She turned sharply, going into superhero mode and scanning for whatever set him off.

It wasn’t lost on him, and he swallowed his excitement with a sheepish grin. “I’d, uhm, like to go get a different shirt,” he said, pointing across the street.

She looked like a mom or a school teacher as she placed her hands on her hips. “Don’t you think… oh, finding the hospital and figuring out what happened to us should take precedence?”

He shrank into his white button-down shame. “I know, love, but it’s uncomfortable.” He shrugged. “’Sides, it’s not like the rest of our party has any clue where the hospital is, either. Hell, they’re probably still lost in the sewers.”
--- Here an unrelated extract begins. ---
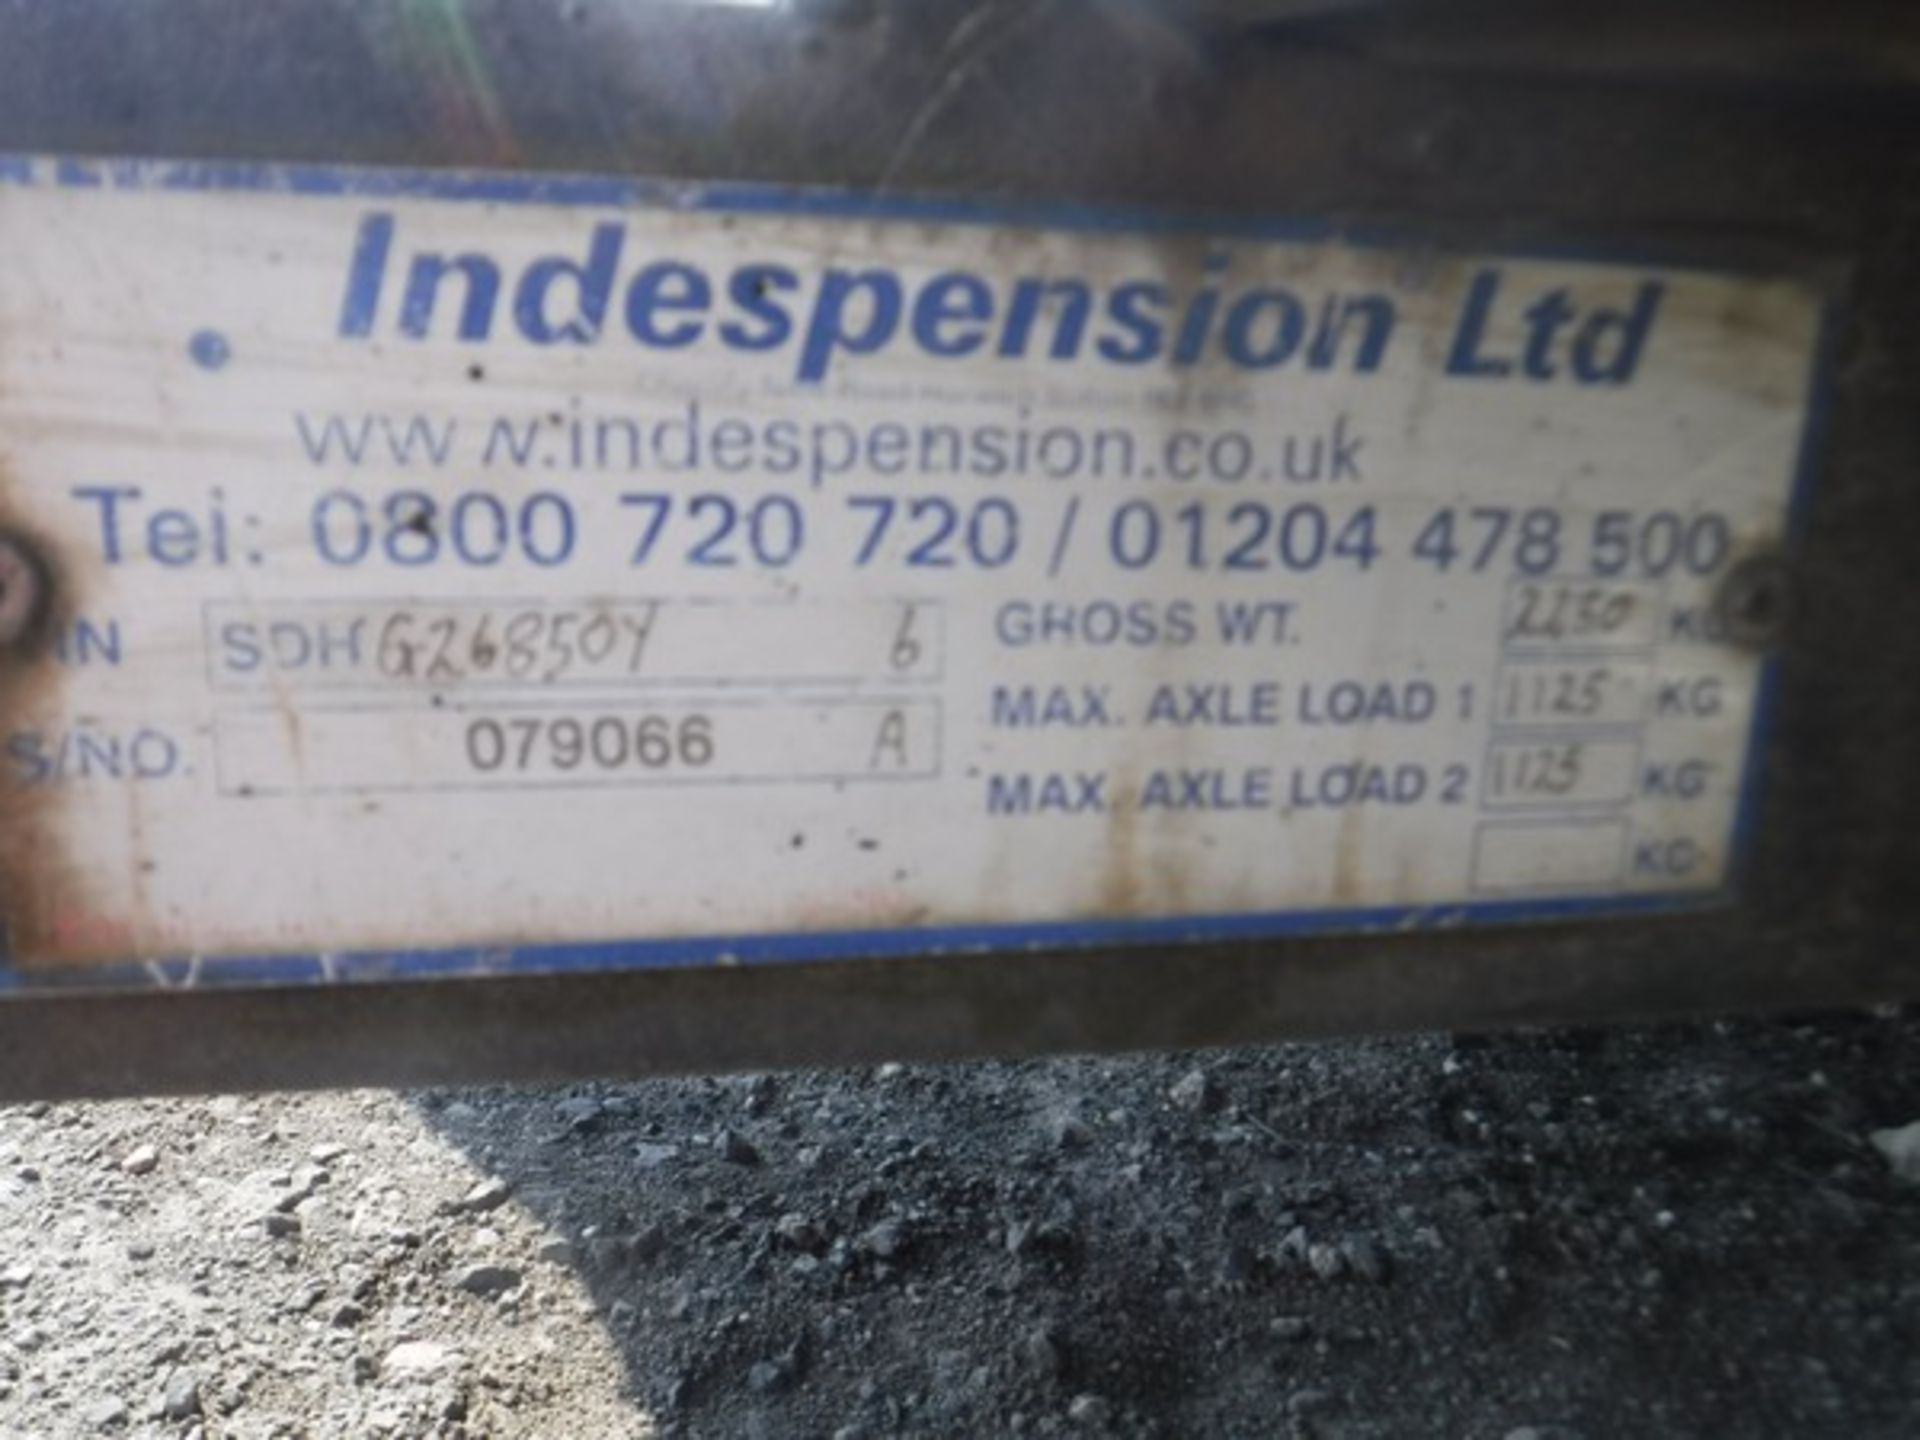 INDESPENSION 8&#39; x 5&#39; twin axle plant trailer. S/N079066 - Image 3 of 3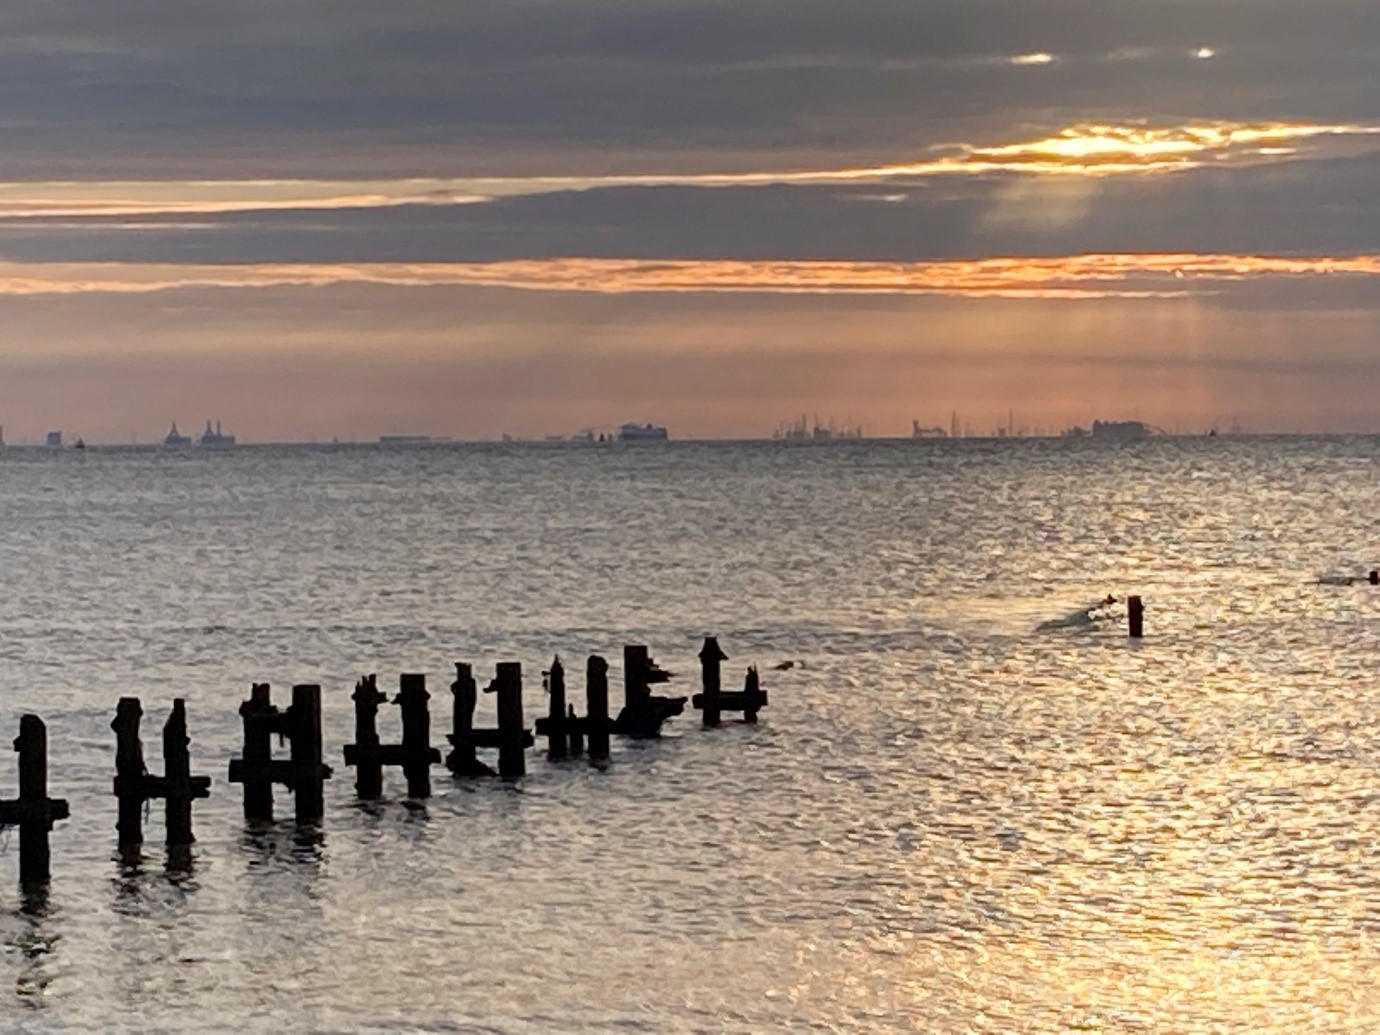 A view from Spurn Point towards the south bank of the Humber showing remnants of a pier

She nodded in agreement. “Still…”

“And!” he cut her off. “Do you really want to get there first? Offer up the superhero and the vampire for testing?”

She squirmed, and suddenly stalling seemed like a brainy idea after all. “No, no, that doesn’t sound good at all.”

“Perfect,” he declared wearing a cocky victory grin that seemed all too familiar to the petite blonde.



He immediately gravitated towards the jeans, and was perusing a rack of black ones when his scowl returned.

“Oh, bloody hell, I don’t know what size I am.” Over his shoulder, he said to the girl hovering nearby, “Wait here. I have to check my size in the dressing –”

“Oh, don’t do that.” She rolled her eyes and before he could protest, she was tugging his shirt from his pants. There were more than enough racks between them and the counter to cover him. “I’ll just check the waistband and –”

“Buffy!” he whispered, too late.

Pasty but tight vampire ass drew her attention from his waistband.

“I’m not wearing underwear,” he groaned.

Suddenly Buffy was doing her own window shopping as she took in Randy’s sculpted obliques and the curve of his spine. After a good long minute, she snapped out of it and read the size off the tag in his pants, letting go of his waistband.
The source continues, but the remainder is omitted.